Specific examples of the effect of ICR in carcinogen-induced mammary tumors include two studies during which high-fat diets were fed and body weight levels were maintained but not decreased in the ICR groups. The ad libitum fed rats gained weight during the experiments. In the first study, calorie restriction of 40% alternated with two days of ad libitum feeding resulted in a 20% reduction in calorie intake. [47] There was no effect on mammary tumor incidence of these ICR rats compared with ad libitum fed rats as a result of this intervention. In the second study, ICR was implemented 1 week a month for 4.5 months. [48] In this case, mammary tumor incidence was slightly and significantly higher in the ICR rats compared with those fed ad libitum.

In a more recent study when four periods of 50% calorie restriction (maintained until rats lost 20% body weight) were introduced 2 months after carcinogen administration, [49] mammary tumor incidence was 8.8% compared with 17.6% for the ad libitum fed rats. [49] In addition, mammary tumor burden was reduced by 80% in the ICR rats. This suggests that loss of weight during ICR may be required for inhibition of mammary tumorigenesis. A comparison of these three studies is shown in [Table 2]. The different results obtained may also be due to timing with respect to the administration of the carcinogen in relationship to the calorie restriction intervention.
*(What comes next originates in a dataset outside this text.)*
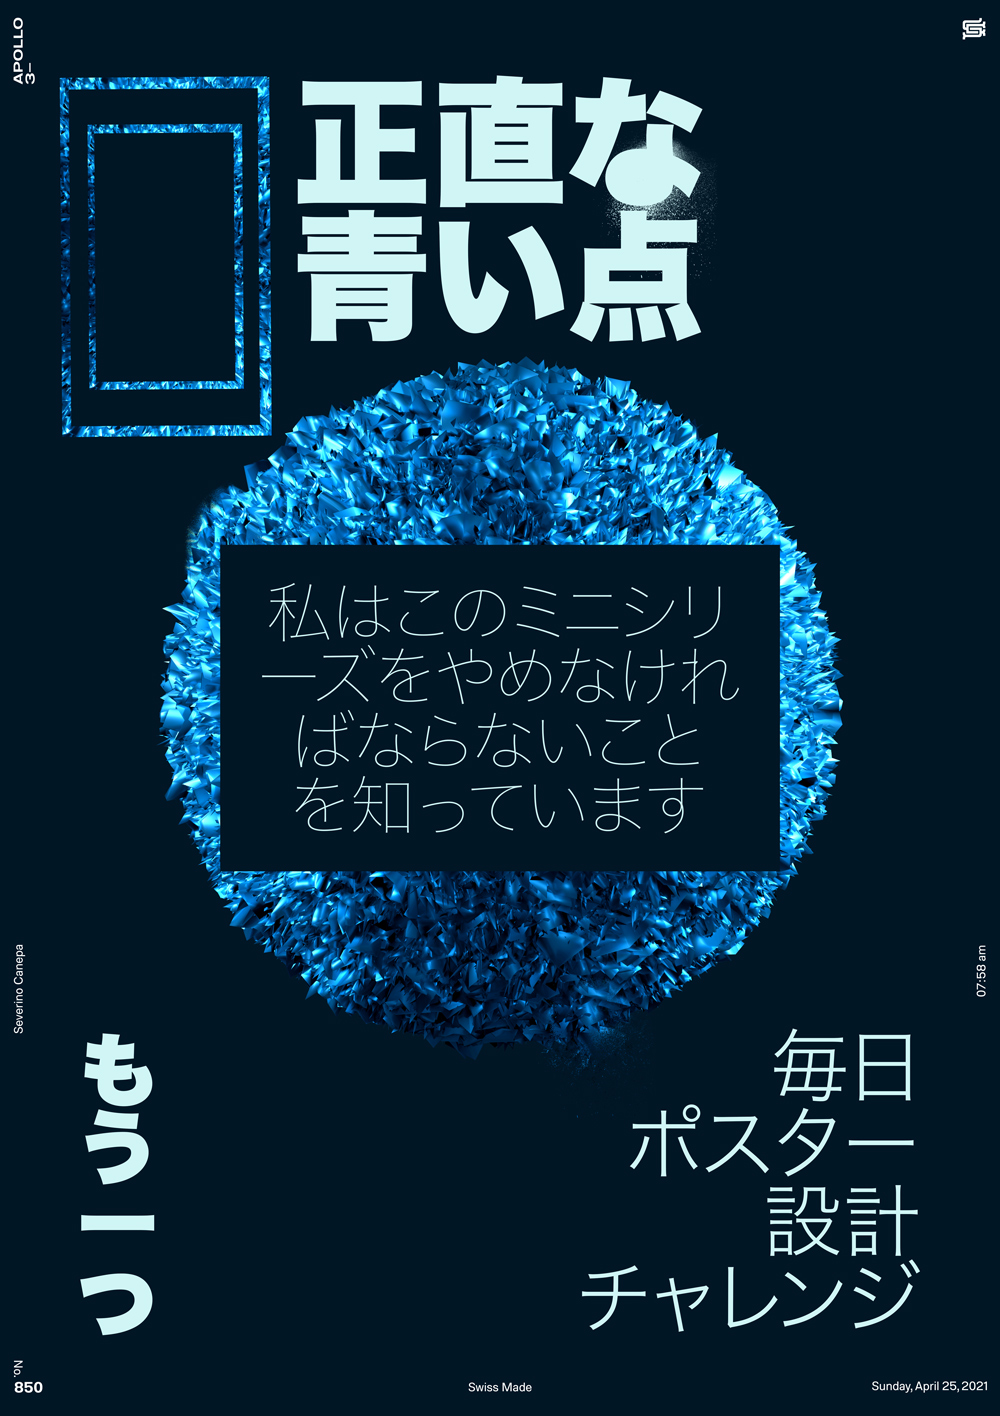 Graphic creation made with Japanese typography on a minimalist layout

For example, it was reported that when rats were fasted for 3 days starting 1 week after carcinogen administration, decreased mammary tumor latency was reported as well as a 100% tumor incidence, while nonfasted rats had a 80% incidence. [50] In another study of rats, three periods of fasting/refeeding following carcinogen administration increased mammary tumor number compared with rats either fed ad libitum or subjected to only one period of fasting/refeeding. [51] We speculate that the periods of refeeding at the time of high-level carcinogen administration may enhance tumor development due to the release of many growth factors as well as the hormonal milieu present in young rats as they become sexually mature. The relevance of this to the etiology of most human cancers is not known.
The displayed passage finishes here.